> Assigned task
Under no circumstances alter the records; copy each one exactly.
-- Opening Marker --
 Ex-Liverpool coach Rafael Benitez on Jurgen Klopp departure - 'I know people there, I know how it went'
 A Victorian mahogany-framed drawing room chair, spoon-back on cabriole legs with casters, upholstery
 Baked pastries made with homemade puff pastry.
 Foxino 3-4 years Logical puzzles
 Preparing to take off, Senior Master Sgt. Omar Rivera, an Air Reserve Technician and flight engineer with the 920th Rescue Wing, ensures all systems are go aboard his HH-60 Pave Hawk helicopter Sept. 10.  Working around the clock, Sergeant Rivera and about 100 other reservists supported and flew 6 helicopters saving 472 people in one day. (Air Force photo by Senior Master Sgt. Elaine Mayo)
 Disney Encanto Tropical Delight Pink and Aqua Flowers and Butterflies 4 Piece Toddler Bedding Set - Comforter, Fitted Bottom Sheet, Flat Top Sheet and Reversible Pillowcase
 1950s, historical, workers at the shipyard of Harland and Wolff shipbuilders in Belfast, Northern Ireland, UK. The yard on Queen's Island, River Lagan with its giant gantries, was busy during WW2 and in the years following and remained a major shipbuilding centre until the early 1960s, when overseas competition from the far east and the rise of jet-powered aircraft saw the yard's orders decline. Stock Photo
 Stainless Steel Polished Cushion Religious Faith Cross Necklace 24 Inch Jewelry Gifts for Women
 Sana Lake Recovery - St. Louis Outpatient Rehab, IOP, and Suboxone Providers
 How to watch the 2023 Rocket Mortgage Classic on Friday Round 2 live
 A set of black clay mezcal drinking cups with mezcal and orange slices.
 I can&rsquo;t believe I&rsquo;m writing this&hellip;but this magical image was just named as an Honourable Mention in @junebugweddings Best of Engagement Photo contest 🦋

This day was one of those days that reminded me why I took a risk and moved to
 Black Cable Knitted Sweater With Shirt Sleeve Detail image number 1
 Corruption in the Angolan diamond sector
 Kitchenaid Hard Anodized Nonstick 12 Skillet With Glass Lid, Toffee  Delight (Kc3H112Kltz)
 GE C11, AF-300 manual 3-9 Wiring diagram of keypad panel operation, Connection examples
-- Closing Marker --
> Exercise solution
 Ex-Liverpool coach Rafael Benitez on Jurgen Klopp departure - 'I know people there, I know how it went'
 A Victorian mahogany-framed drawing room chair, spoon-back on cabriole legs with casters, upholstery
 Baked pastries made with homemade puff pastry.
 Foxino 3-4 years Logical puzzles
 Preparing to take off, Senior Master Sgt. Omar Rivera, an Air Reserve Technician and flight engineer with the 920th Rescue Wing, ensures all systems are go aboard his HH-60 Pave Hawk helicopter Sept. 10.  Working around the clock, Sergeant Rivera and about 100 other reservists supported and flew 6 helicopters saving 472 people in one day. (Air Force photo by Senior Master Sgt. Elaine Mayo)
 Disney Encanto Tropical Delight Pink and Aqua Flowers and Butterflies 4 Piece Toddler Bedding Set - Comforter, Fitted Bottom Sheet, Flat Top Sheet and Reversible Pillowcase
 1950s, historical, workers at the shipyard of Harland and Wolff shipbuilders in Belfast, Northern Ireland, UK. The yard on Queen's Island, River Lagan with its giant gantries, was busy during WW2 and in the years following and remained a major shipbuilding centre until the early 1960s, when overseas competition from the far east and the rise of jet-powered aircraft saw the yard's orders decline. Stock Photo
 Stainless Steel Polished Cushion Religious Faith Cross Necklace 24 Inch Jewelry Gifts for Women
 Sana Lake Recovery - St. Louis Outpatient Rehab, IOP, and Suboxone Providers
 How to watch the 2023 Rocket Mortgage Classic on Friday Round 2 live
 A set of black clay mezcal drinking cups with mezcal and orange slices.
 I can&rsquo;t believe I&rsquo;m writing this&hellip;but this magical image was just named as an Honourable Mention in @junebugweddings Best of Engagement Photo contest 🦋

This day was one of those days that reminded me why I took a risk and moved to
 Black Cable Knitted Sweater With Shirt Sleeve Detail image number 1
 Corruption in the Angolan diamond sector
 Kitchenaid Hard Anodized Nonstick 12 Skillet With Glass Lid, Toffee  Delight (Kc3H112Kltz)
 GE C11, AF-300 manual 3-9 Wiring diagram of keypad panel operation, Connection examples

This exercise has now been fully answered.